I find that leftover holiday turkey can often be a challenge to repurpose in a way that feels fresh and exciting. This easy turkey tetrazzini recipe solves that problem by transforming it into a bubbly, golden casserole with perfectly tender pasta and a creamy, rich sauce speckled with vibrant color from sun-dried tomatoes and fresh basil. This turkey tetrazzini recipe easy is built around family-friendly comfort, but with a simple flavor upgrade that makes it feel special. We’re skipping the canned soups and making a quick, creamy sauce from scratch, infused with savory sun-dried tomatoes and fresh basil for a vibrant, herbaceous twist. This hearty casserole is ideal for feeding a crowd or providing multiple nights of satisfying meals, making it one of my favorite healthy eating options for using up leftovers. Let’s upgrade that classic comfort food!

Ingredients
- 300 g (10.5 oz) spaghetti or linguine: Choose a long pasta shape like spaghetti or linguine; these shapes provide the classic tetrazzini texture and soak up the creamy sauce beautifully. Cook the pasta al dente according to package directions, as it will continue cooking in the oven. Ensure it’s well drained before combining with the sauce.
- 450 g (1 lb) cooked turkey breast: Use leftover roasted turkey breast from Thanksgiving, Christmas, or a simple weeknight roast; make sure it’s shredded or diced into bite-sized pieces.

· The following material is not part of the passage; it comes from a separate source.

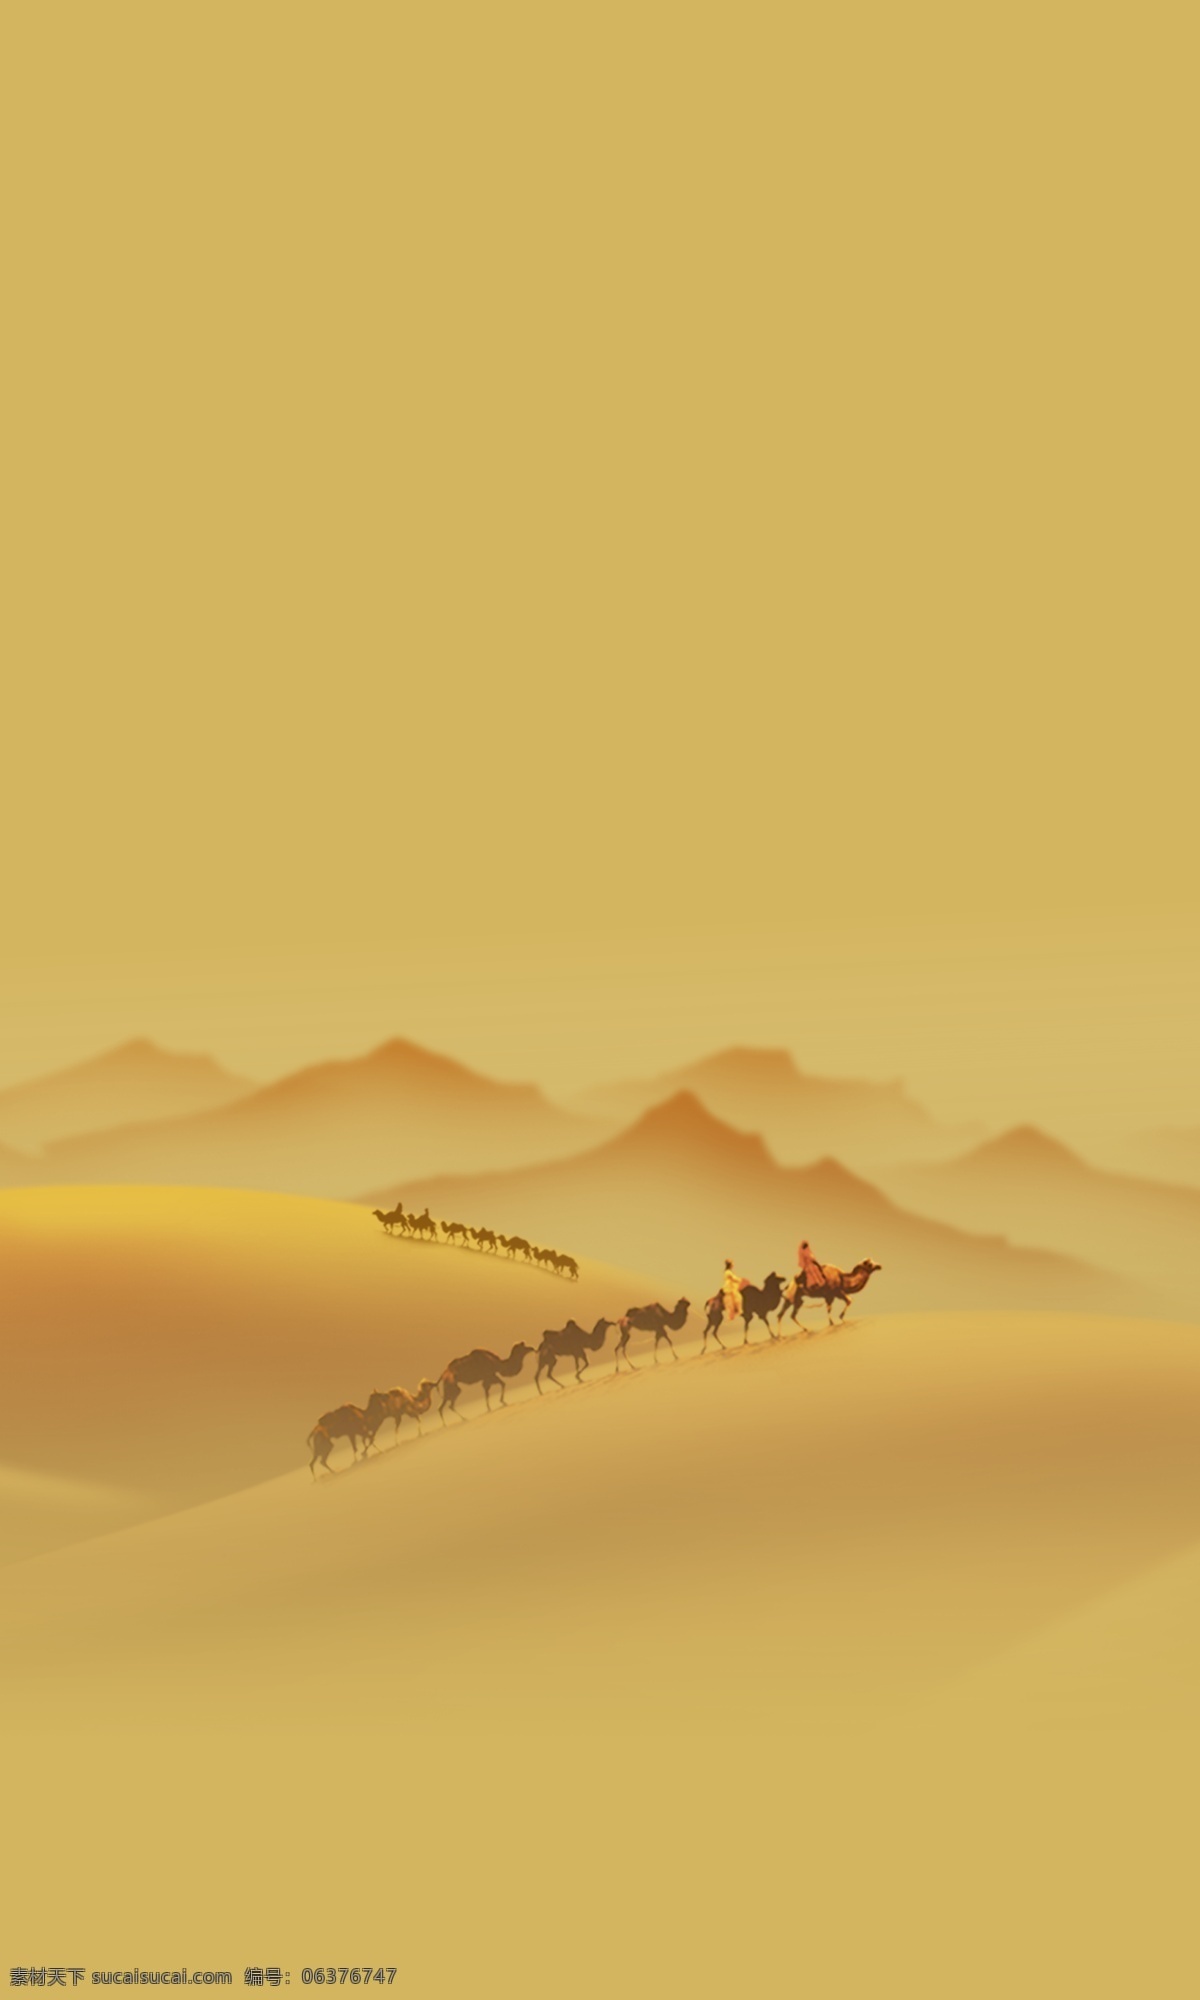 丝路 印象 合成 图 新疆 丝绸之路 沙漠 山峰 印象图 传统文化 文化艺术

If you don’t have turkey, cooked chicken works just as well; this is a great recipe for using up any cooked poultry.
- 30 ml (2 tbsp) olive oil: Use good quality extra virgin olive oil for sautéing the vegetables and adding a drizzle on top for garnish.
- 1 medium yellow onion, finely diced: The base for building the rich flavor of the casserole. Finely dicing helps ensure it melts into the sauce rather than being noticeable chunks.
- 2 cloves garlic, minced: Fresh minced garlic is essential here for aromatic depth. Avoid garlic powder in this section as it won’t provide the same fresh, pungent flavor.
- 225 g (8 oz) cremini mushrooms, sliced: Cremini mushrooms add an earthy, savory umami flavor that complements the turkey perfectly. Slicing them uniformly ensures they cook evenly. White button mushrooms can be substituted if cremini are unavailable.
- 60 g (4 tbsp) unsalted butter: Used to create the roux base for the creamy sauce. Unsalted butter gives you control over the final saltiness of the dish.
- 60 g (0.5 cup) all-purpose flour: The thickening agent for the sauce (roux). Ensures a thick, consistent sauce that binds the casserole together. For a gluten-free option, use a 1:1 gluten-free flour blend.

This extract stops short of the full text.